Directions for this task
Leaving the images aside, transcribe all the data below exactly.

Recorded information
•••••
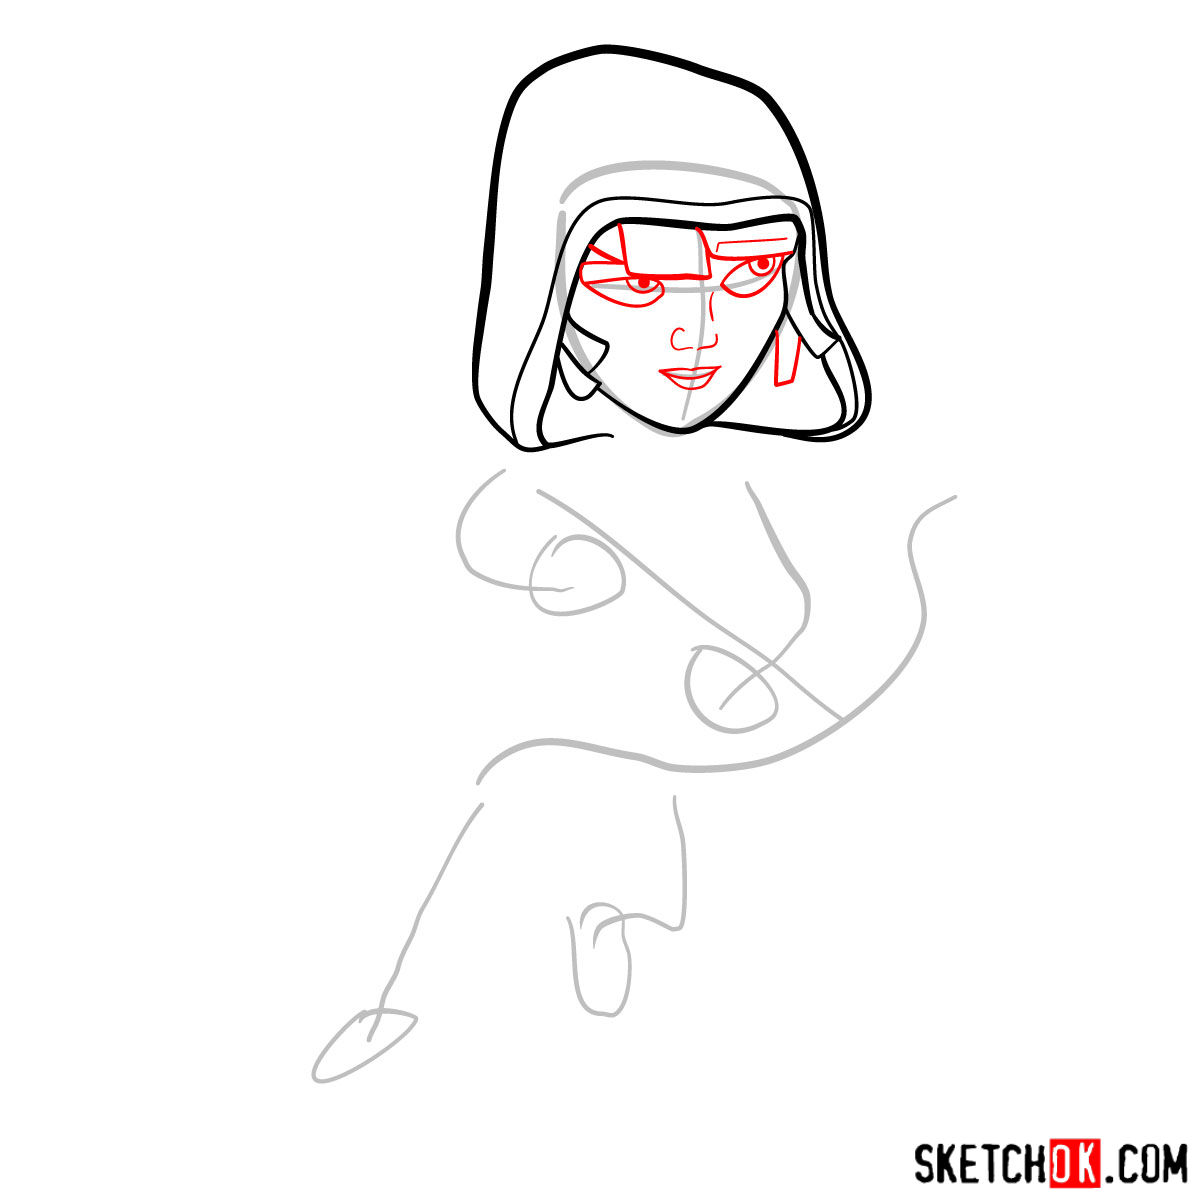 How to draw Sneaky Archer from Clash of Clans - step 03
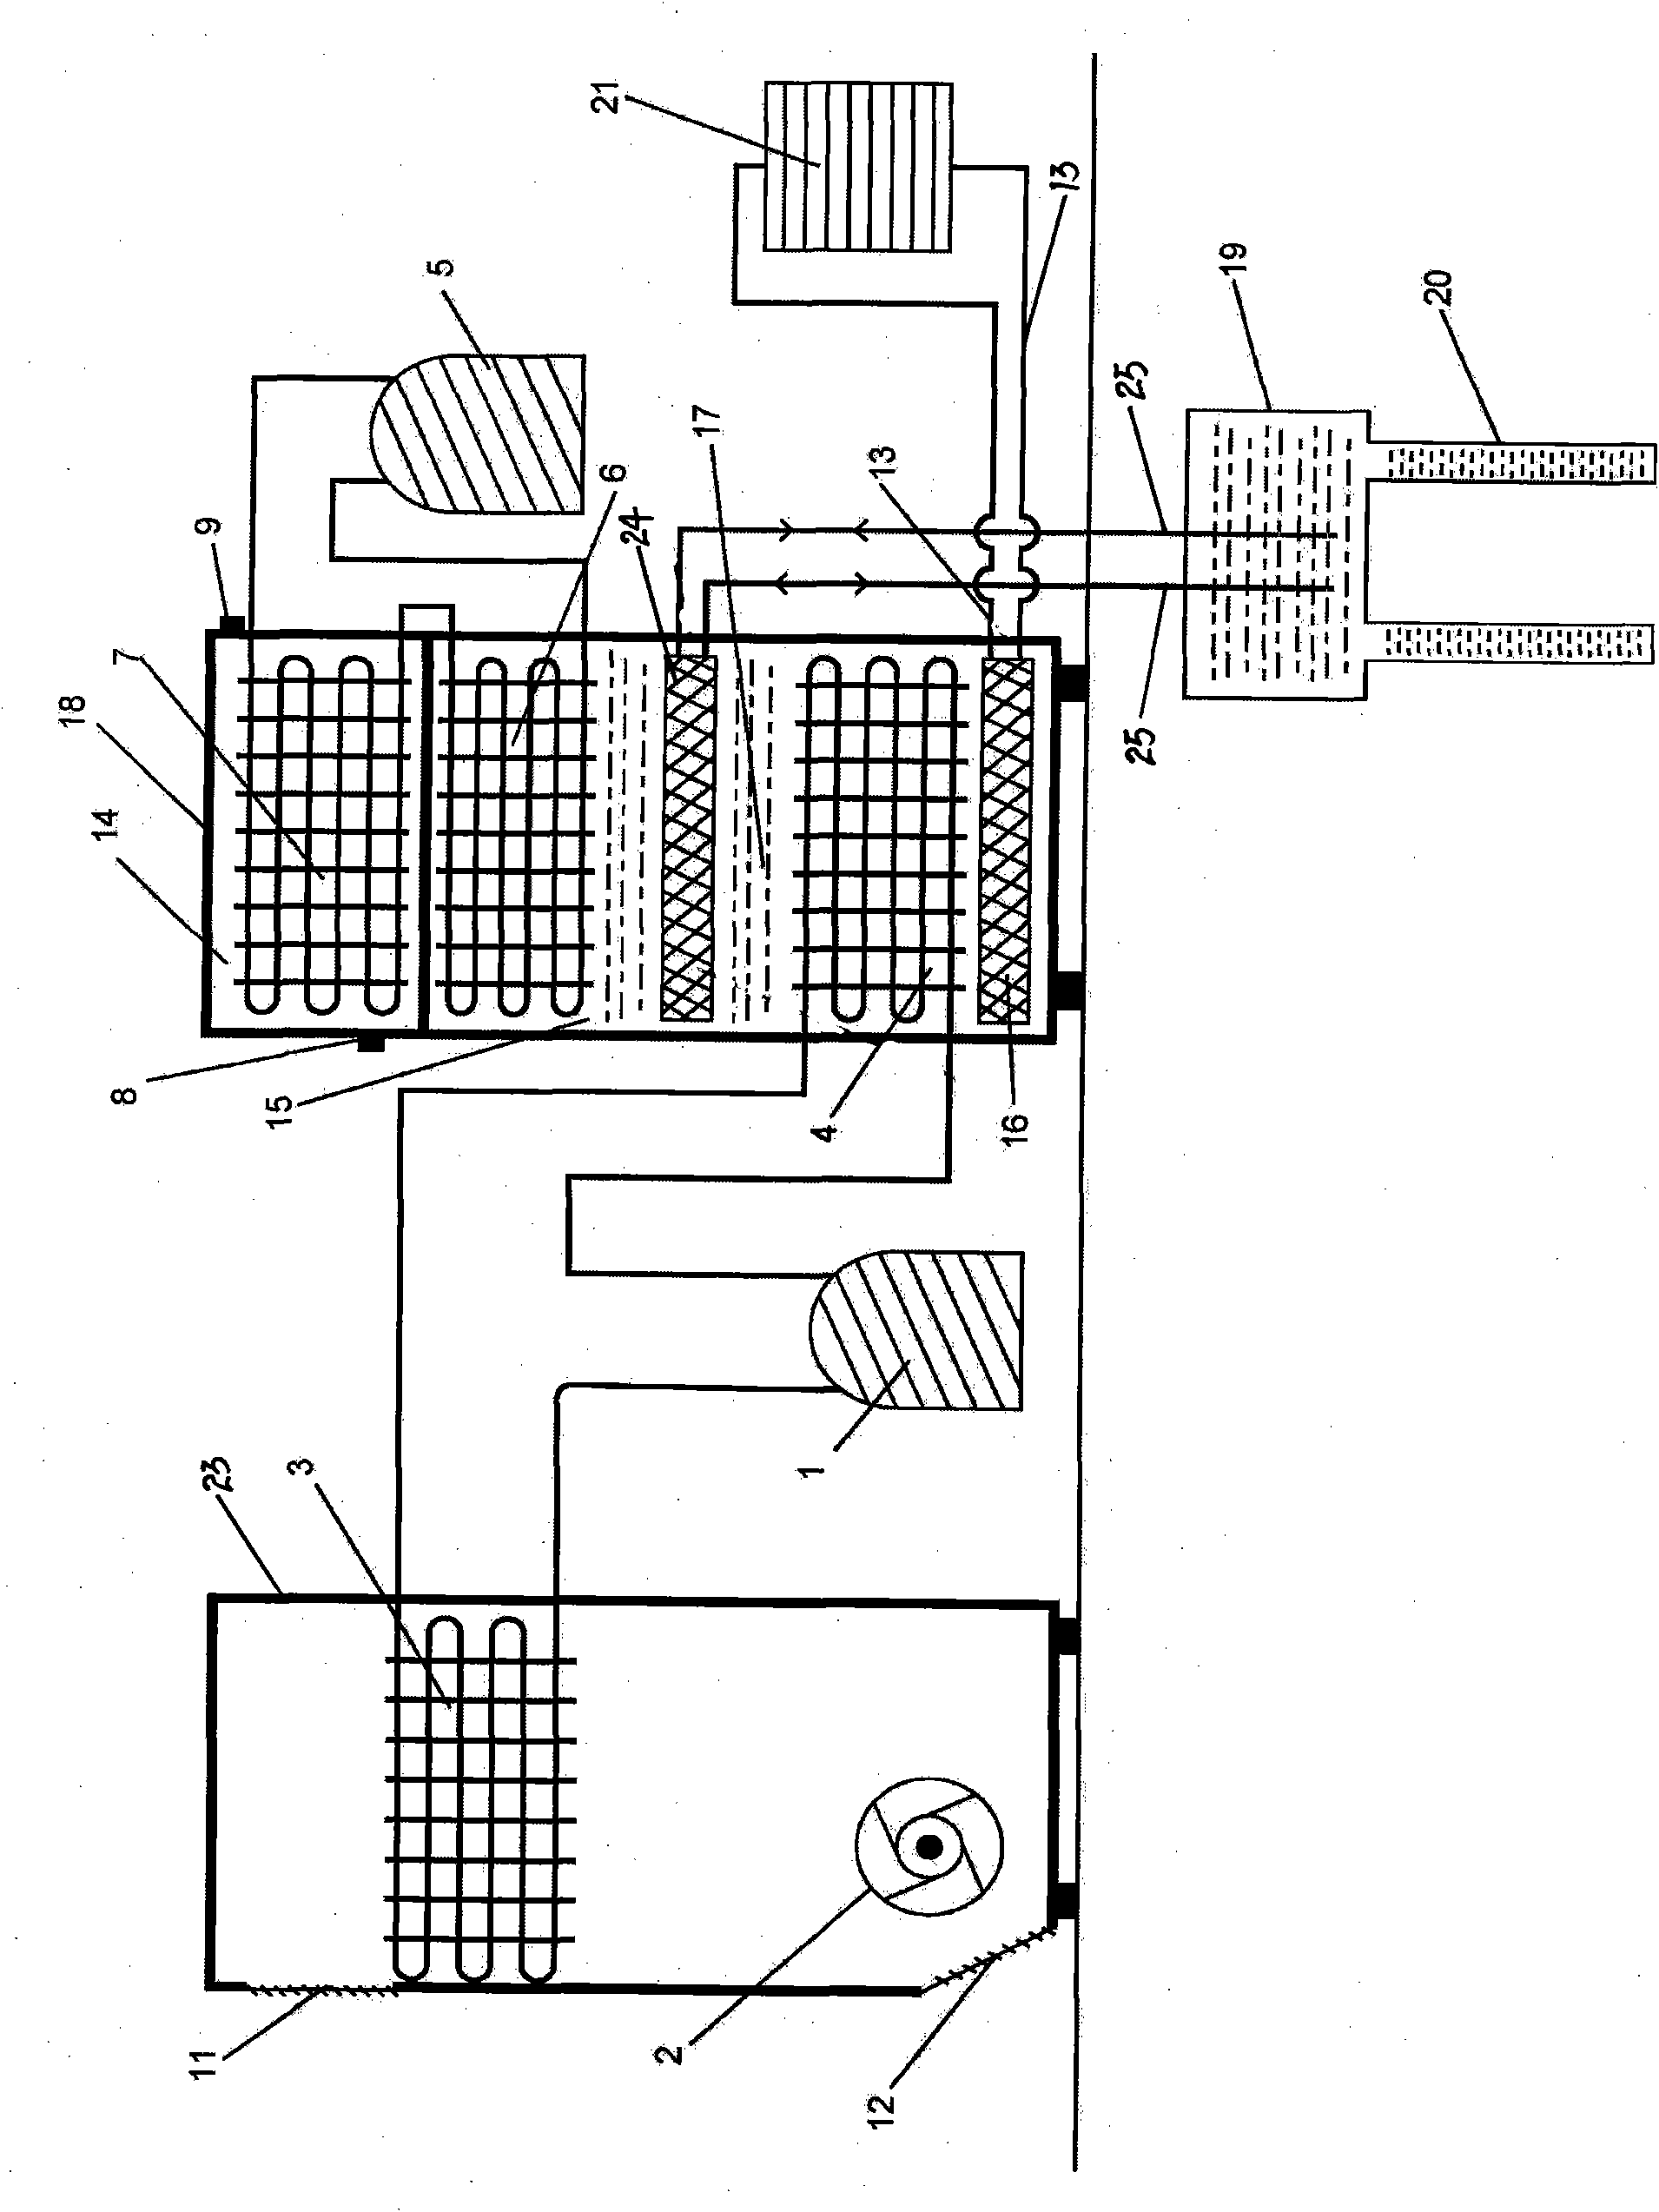 Water-cooled air conditioning and water heating system
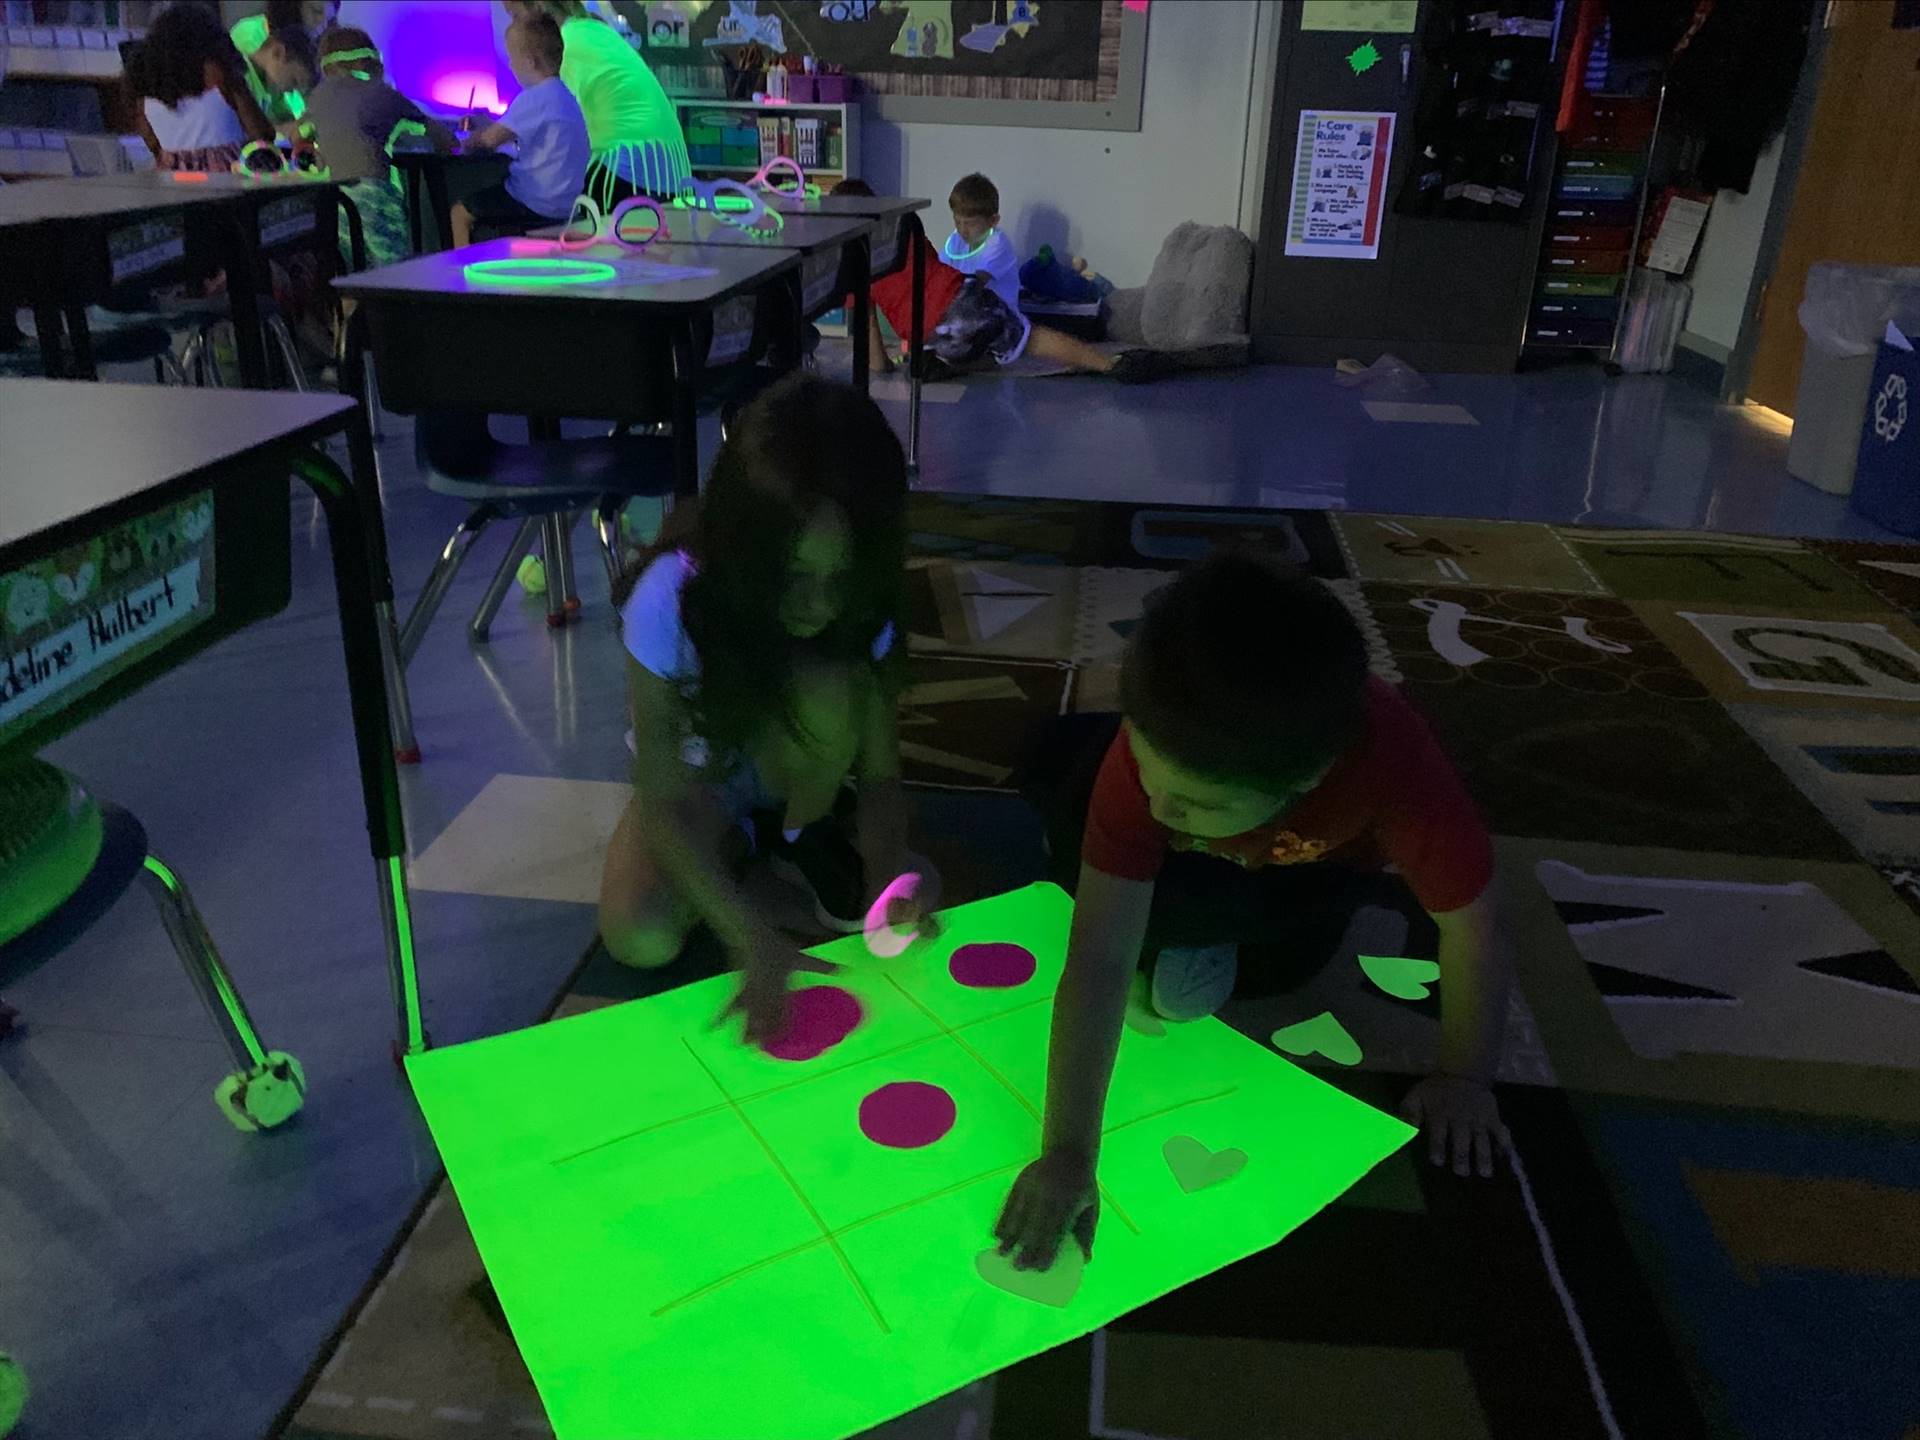 2 students playing on a neon game board
•••••
Solution for this problem
 How to draw Sneaky Archer from Clash of Clans - step 03
 Water-cooled air conditioning and water heating system
 2 students playing on a neon game board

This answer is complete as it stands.